▸ Available data
= Beginning of Section =

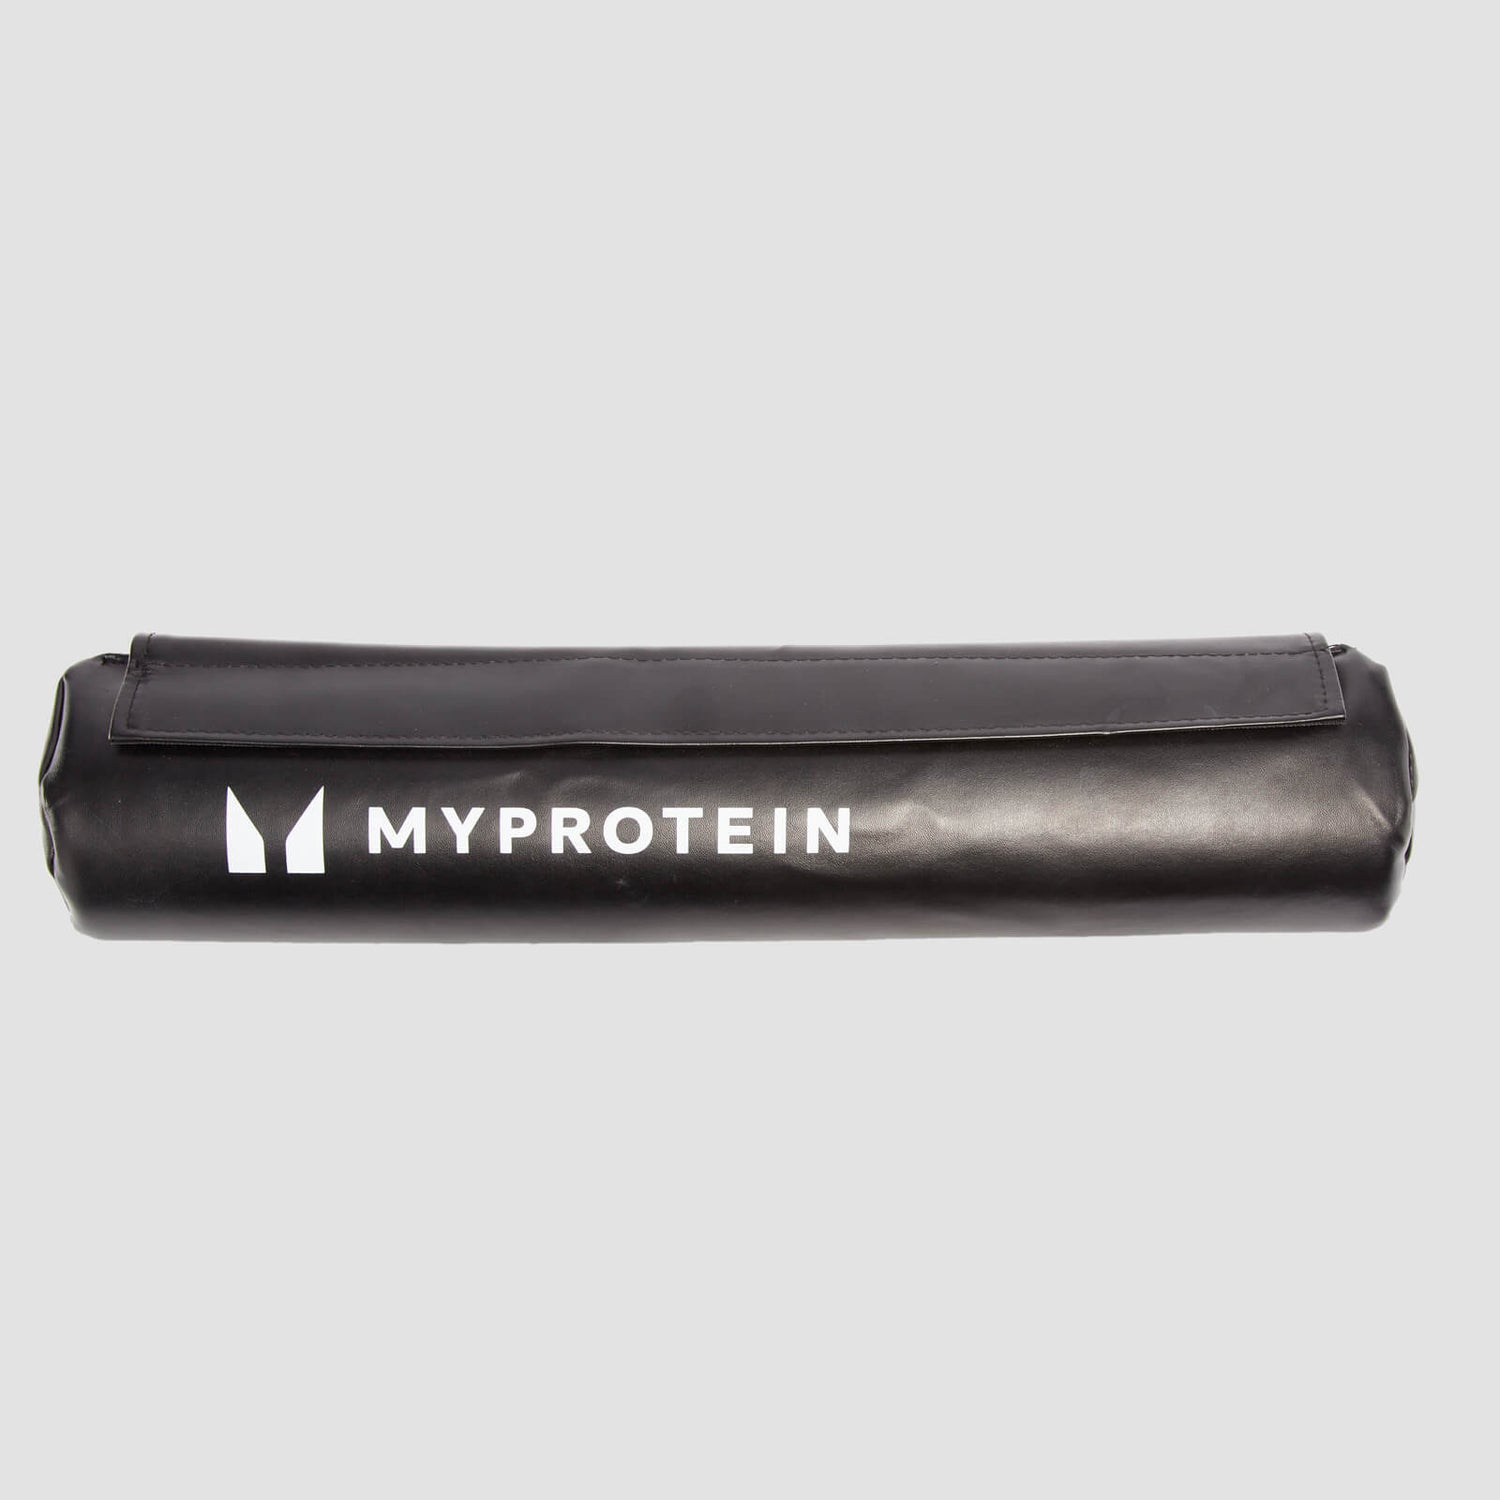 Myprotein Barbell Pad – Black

= End of Section =
= Beginning of Section =

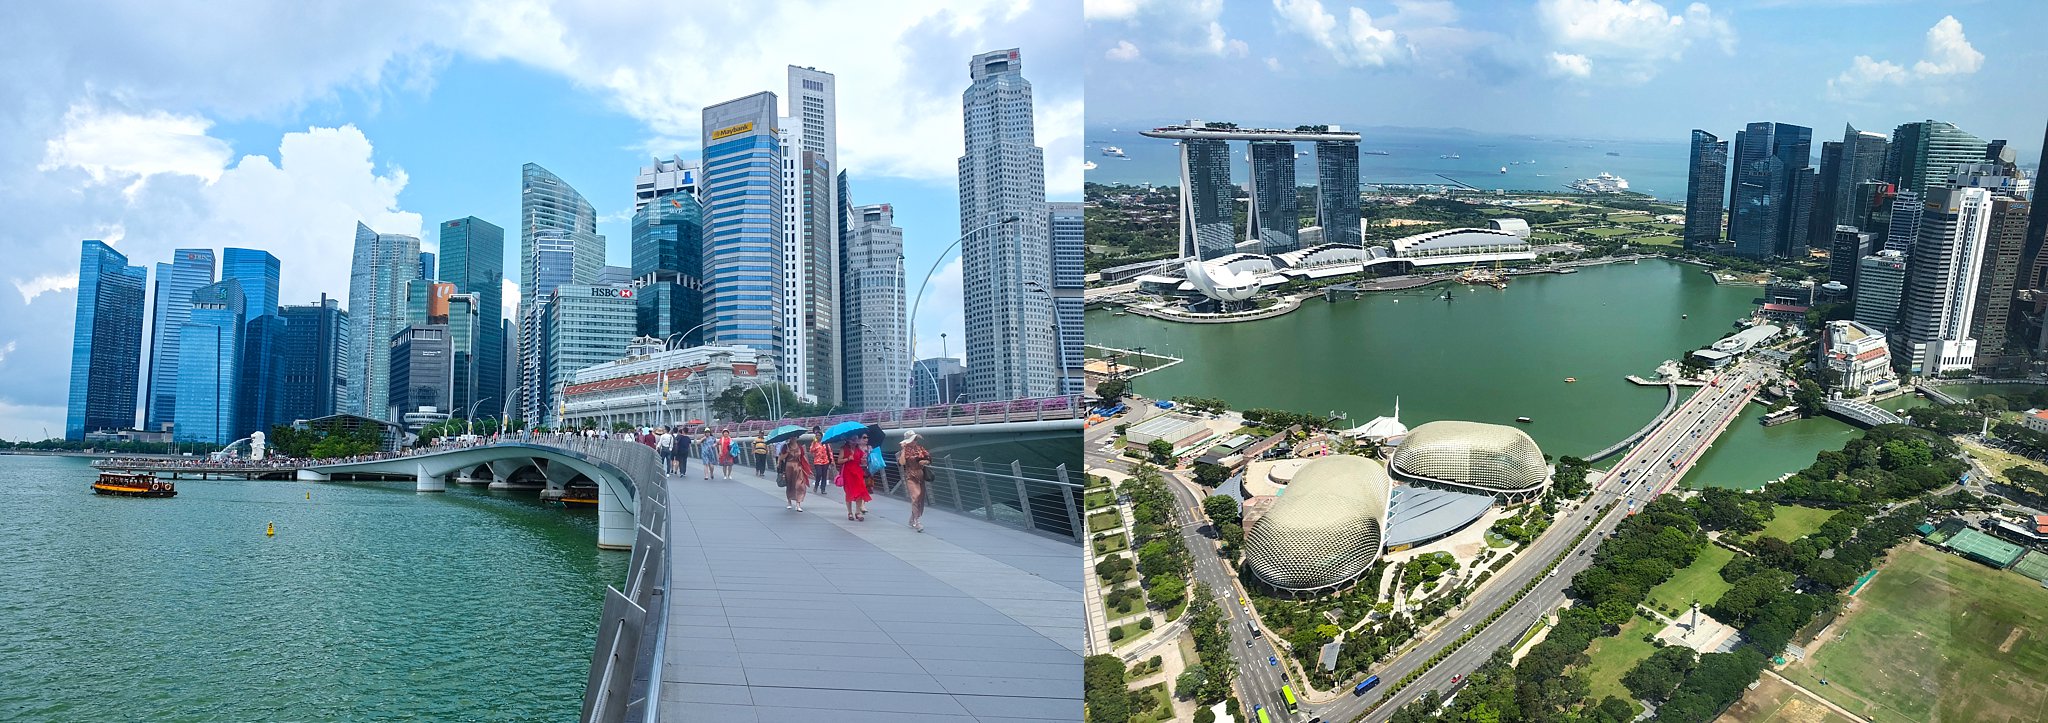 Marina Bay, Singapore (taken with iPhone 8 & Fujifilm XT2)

= End of Section =
= Beginning of Section =

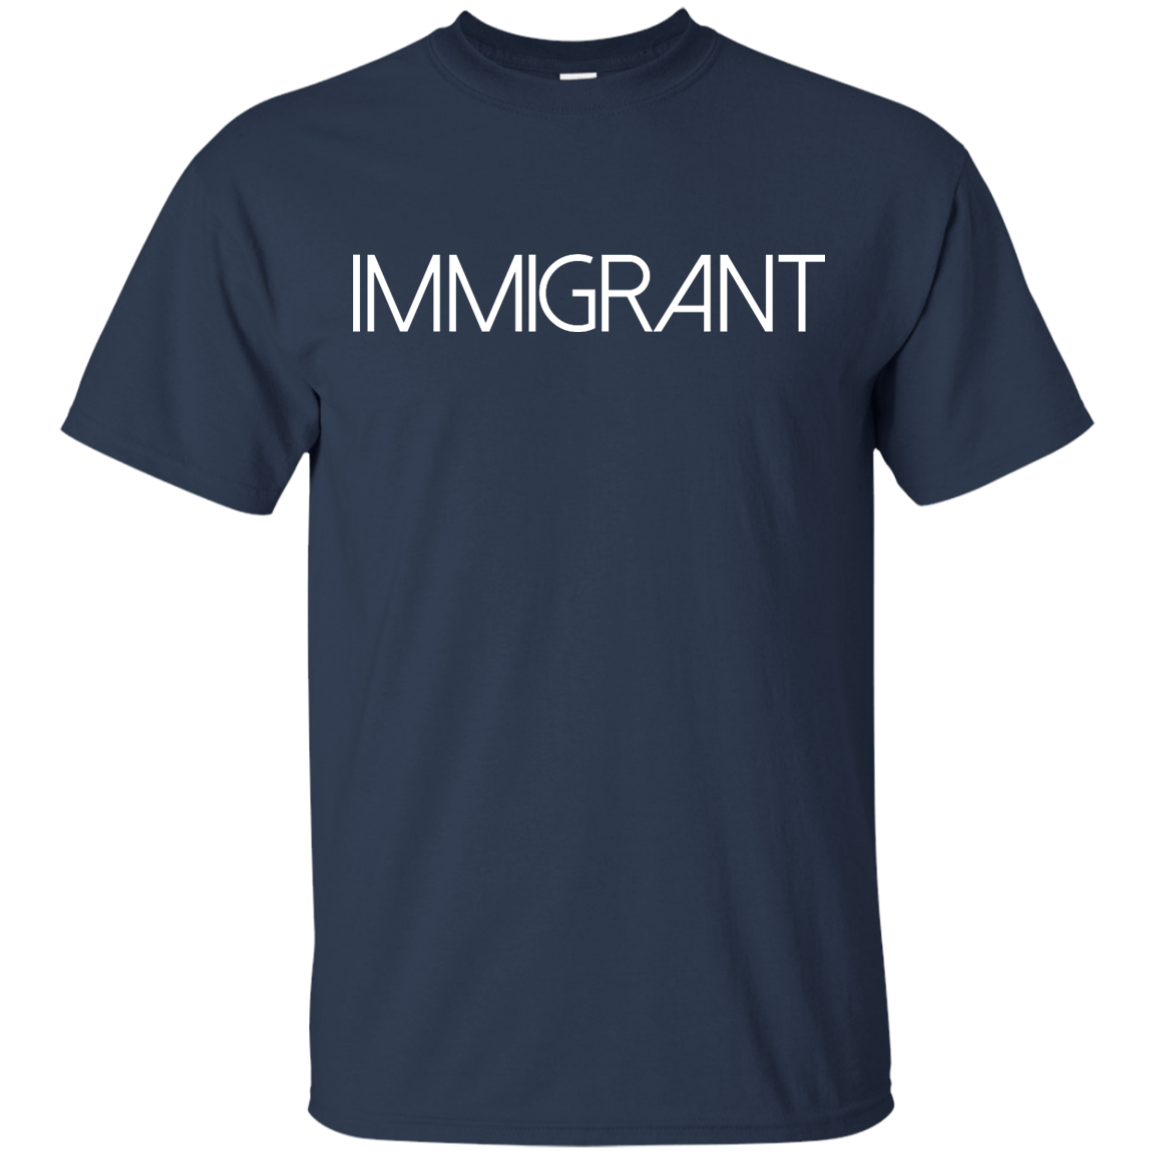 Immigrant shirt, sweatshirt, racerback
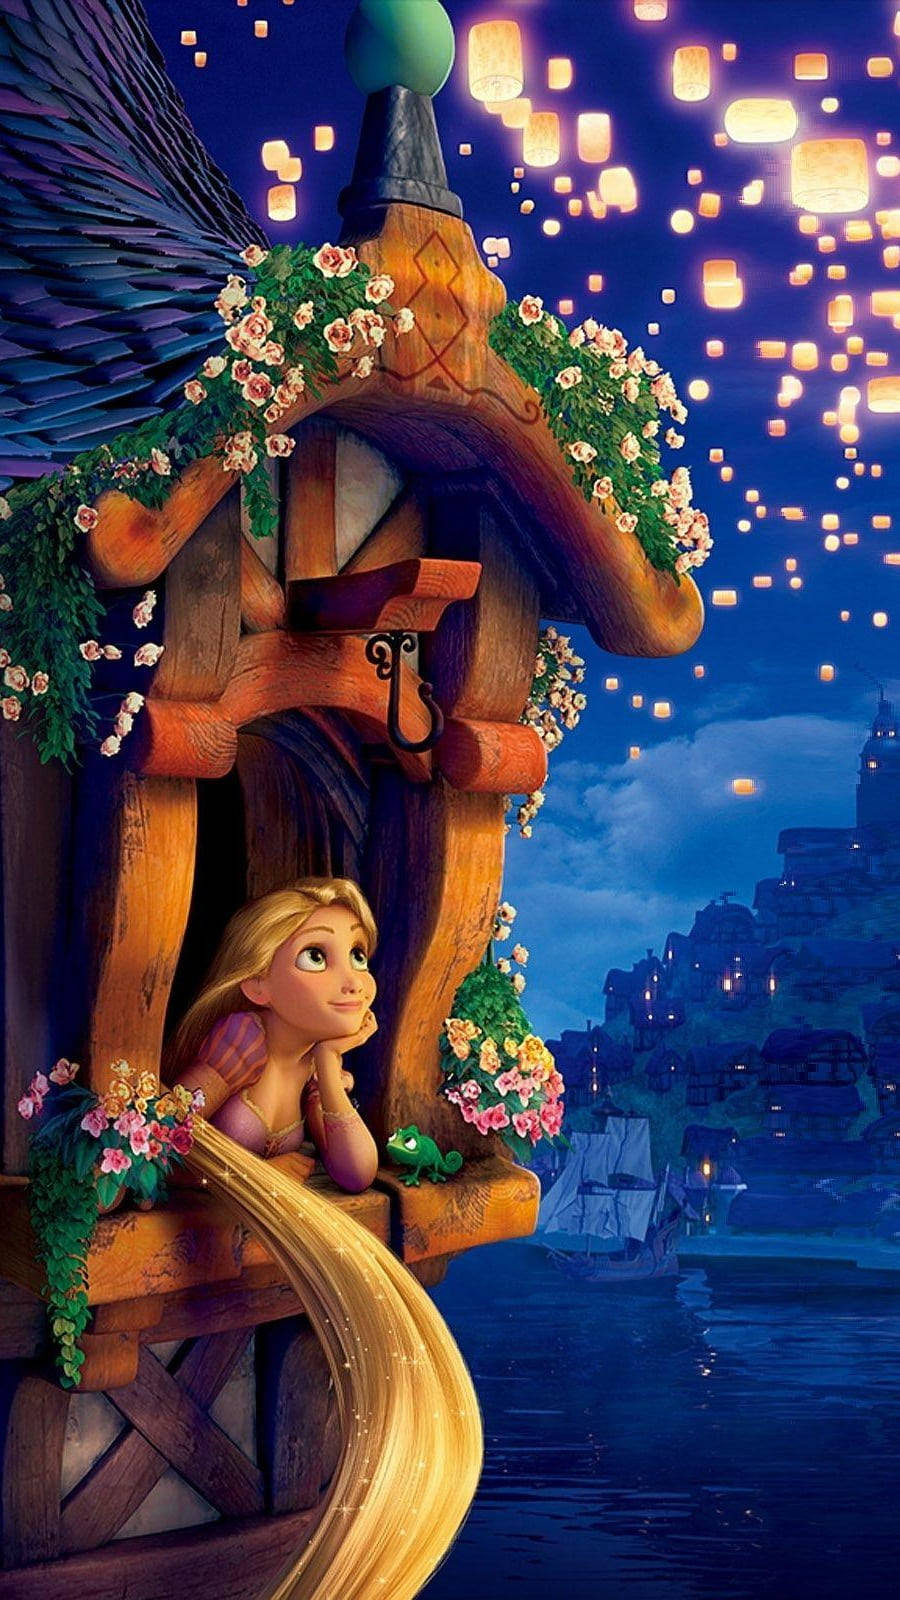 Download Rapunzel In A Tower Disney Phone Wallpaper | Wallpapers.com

= End of Section =

▸ Work instruction
Lines wanted from the entries above: the one with "Immigrant shirt, sweatshirt, racerback", the one with "Download Rapunzel In", and all lines between. Please copy them exactly, without the pictures and without anything else.

▸ Exercise response
 Immigrant shirt, sweatshirt, racerback
 Download Rapunzel In A Tower Disney Phone Wallpaper | Wallpapers.com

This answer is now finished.